Flexible solar cells are rapidly advancing, achieving record efficiencies and opening up new possibilities for solar energy applications. Recent breakthroughs suggest they could soon rival, and potentially replace, traditional rigid solar panels in many scenarios.

One of the most significant advancements has been in improving the efficiency and durability of flexible solar cells. Chinese scientists have developed a novel technique to enhance the adhesion between the top and bottom layers of tandem solar cells, which pairs a perovskite top layer with a copper indium gallium selenide (CIGS) bottom layer. This innovative approach uses smart solvent manipulation and a seeded layer to create a stronger bond between the layers, resulting in increased efficiency and the ability to withstand thousands of bending cycles without significant performance loss. As of April 2025, a team fabricated a 1.09 cm² flexible monolithic perovskite/CIGS tandem solar cell achieving a stabilized efficiency of 24.6% (certified at 23.8%), competing with top rigid counterparts.

Researchers at the Korea Institute of Energy Research (KIER) have also achieved a power conversion efficiency of 23.64% with their ultra-lightweight flexible perovskite/CIGS tandem solar cells, which is the highest reported efficiency for this type of flexible solar cell to date. These cells are exceptionally lightweight and can be easily attached to curved surfaces, making them suitable for use in buildings, vehicles, and aircraft. The lift-off process they developed involves fabricating the solar cell on a glass substrate coated with a polyimide layer and then separating it, allowing for stable manufacturing.

These advancements address some of the key limitations of earlier flexible solar cells. Flexible panels weigh approximately 20% as much as rigid panels. In the past, flexible solar panels were significantly less efficient than rigid panels, however, today, you can purchase flexible solar panels that are just as efficient as rigid solar panels. Also, they can be bent up to 50 degrees without damage. Their flexibility, lightweight nature, and ease of installation make them ideal for applications where traditional panels are unsuitable. For example, they can be attached to surfaces that cannot support the weight of rigid panels, such as car roofs or flexible surfaces.

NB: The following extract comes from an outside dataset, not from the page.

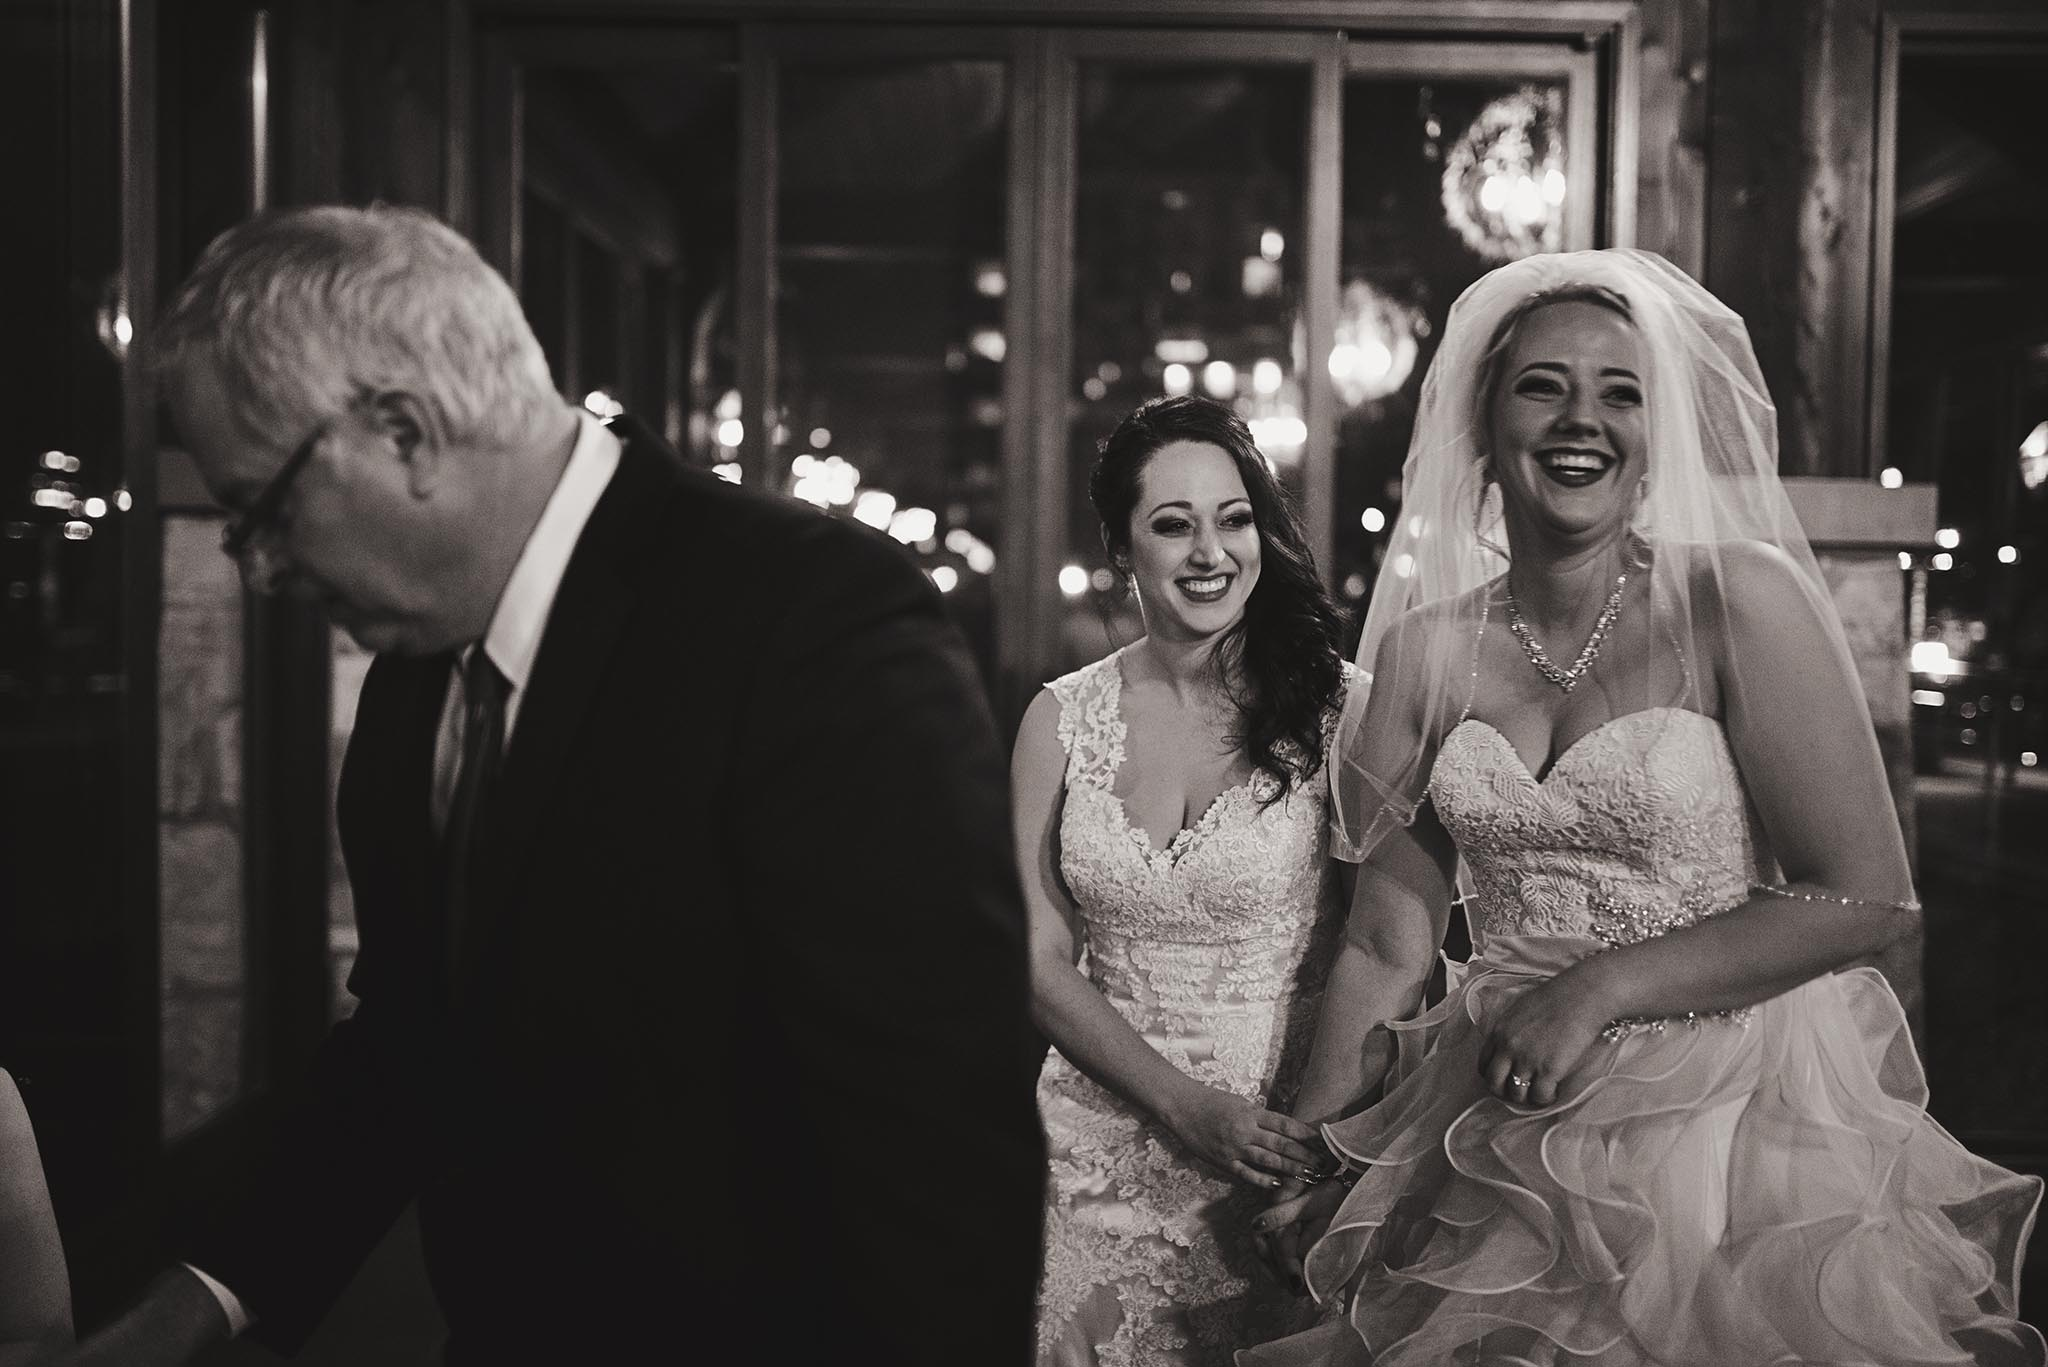 Peter-Bendevis-Photography-Kris-Laura-Cambridge-Mill-Winter-Wedding20

Despite these advantages, flexible solar cells have historically faced challenges. Flexible panels will cost more than rigid ones, have lower power generation efficiency, and likely need to be replaced sooner. Also, because flexible panels are typically mounted directly to the surface they are on, they also have no air gap to help cool them. On hot days the panels can get very hot, and when they do, produce less power, losing up to 20% of their rated output. However, recent innovations are addressing these issues. The development of tandem solar cells, which combine different materials to capture a broader spectrum of sunlight, is significantly boosting efficiency. Moreover, new manufacturing techniques are improving the durability and lifespan of flexible cells, making them more competitive with rigid panels.

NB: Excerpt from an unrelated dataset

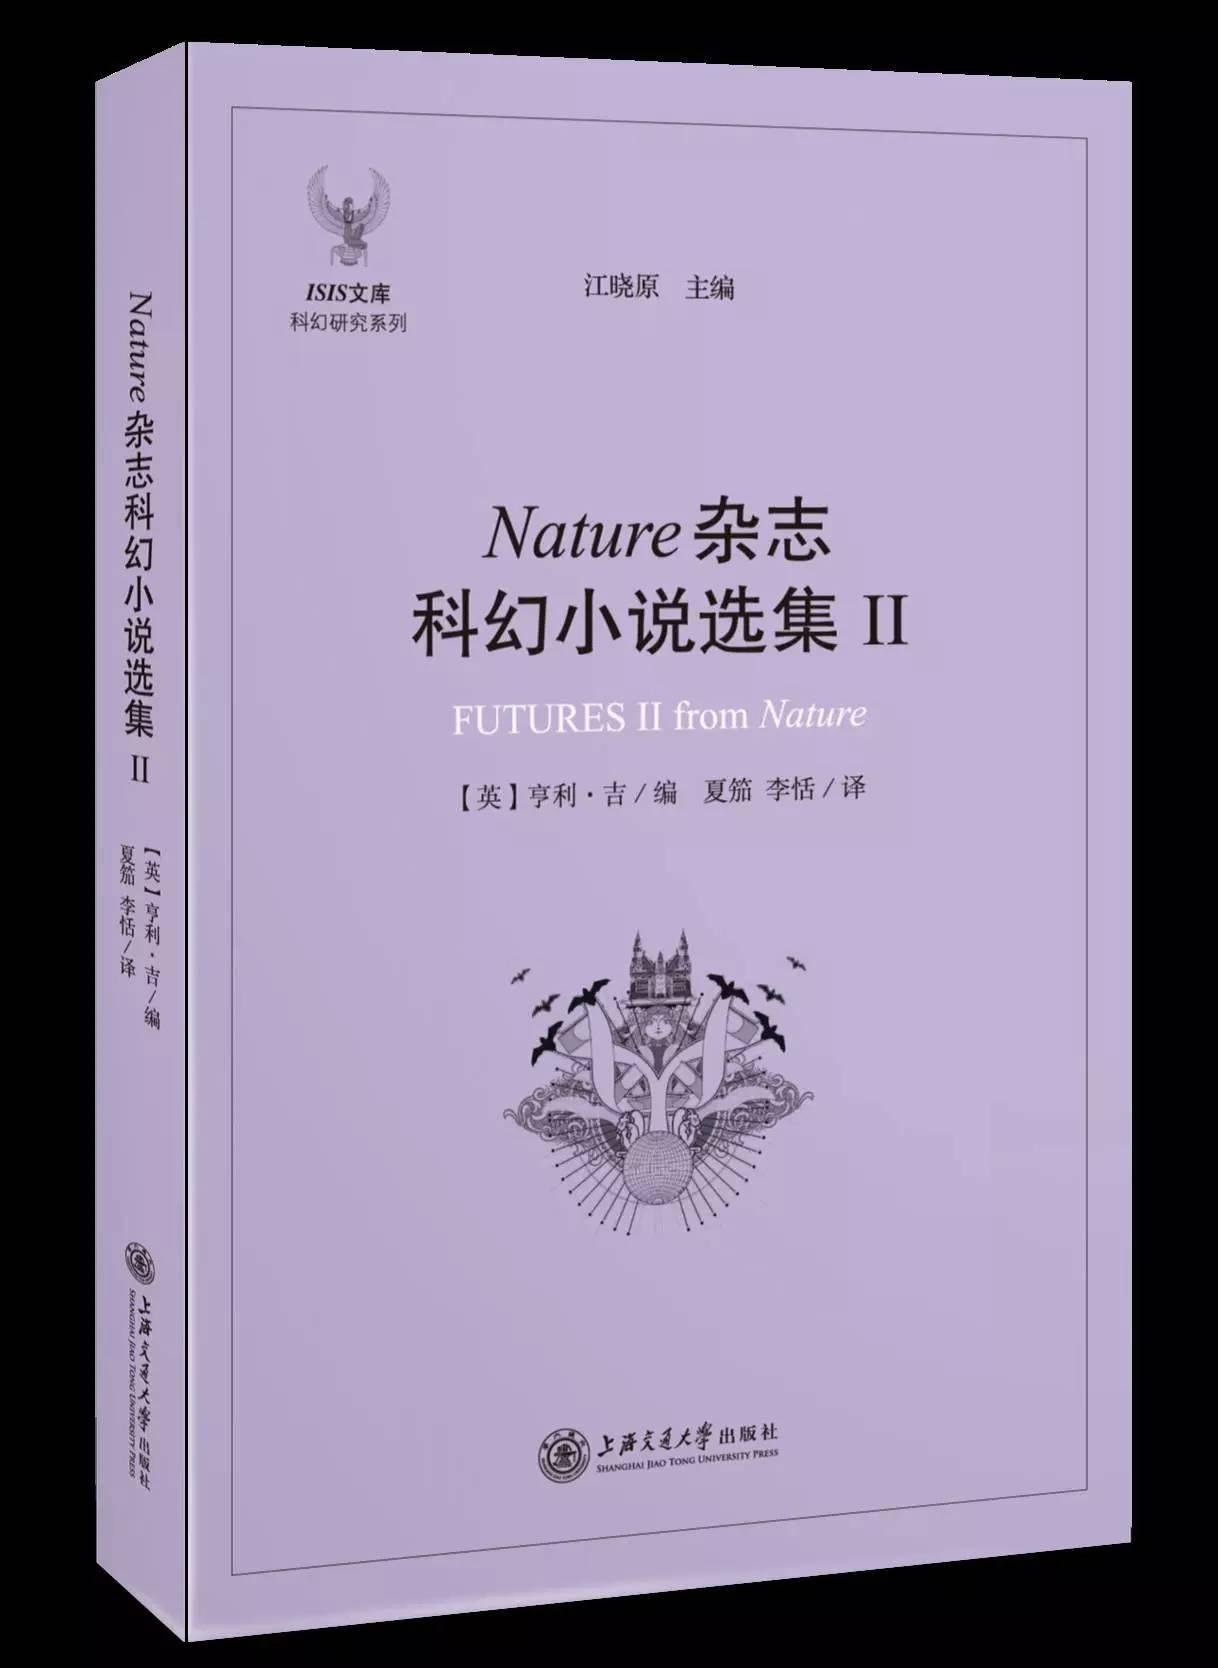 晴天闪电 | Nature杂志科幻小说

The potential applications for high-efficiency flexible solar cells are vast. They can be integrated into building facades, windows, and even clothing, turning everyday objects into power generators. The transport sector could also benefit greatly, with flexible solar cells seamlessly integrated into car roofs, airplane wings, and the sides of trains to supplement their power needs. Moreover, flexible solar cells are ideal for portable devices and off-grid applications, providing a reliable source of energy in remote locations or during emergencies.

Researchers from the University of Sheffield and Power Roll are developing flexible solar cells for rooftops and surfaces using plastic film with a solution processable semiconductor. The researchers use plastic film filled with the perovskite material instead of silicon. Small indentations on the film allow the invention to capture more sunlight.

While challenges remain, the latest advancements in flexible solar cell technology are paving the way for a more versatile and accessible solar energy landscape. As efficiencies continue to rise and production costs fall, flexible solar cells are poised to become a mainstream alternative to rigid panels, driving the widespread adoption of renewable energy and accelerating the transition to a cleaner, more sustainable future.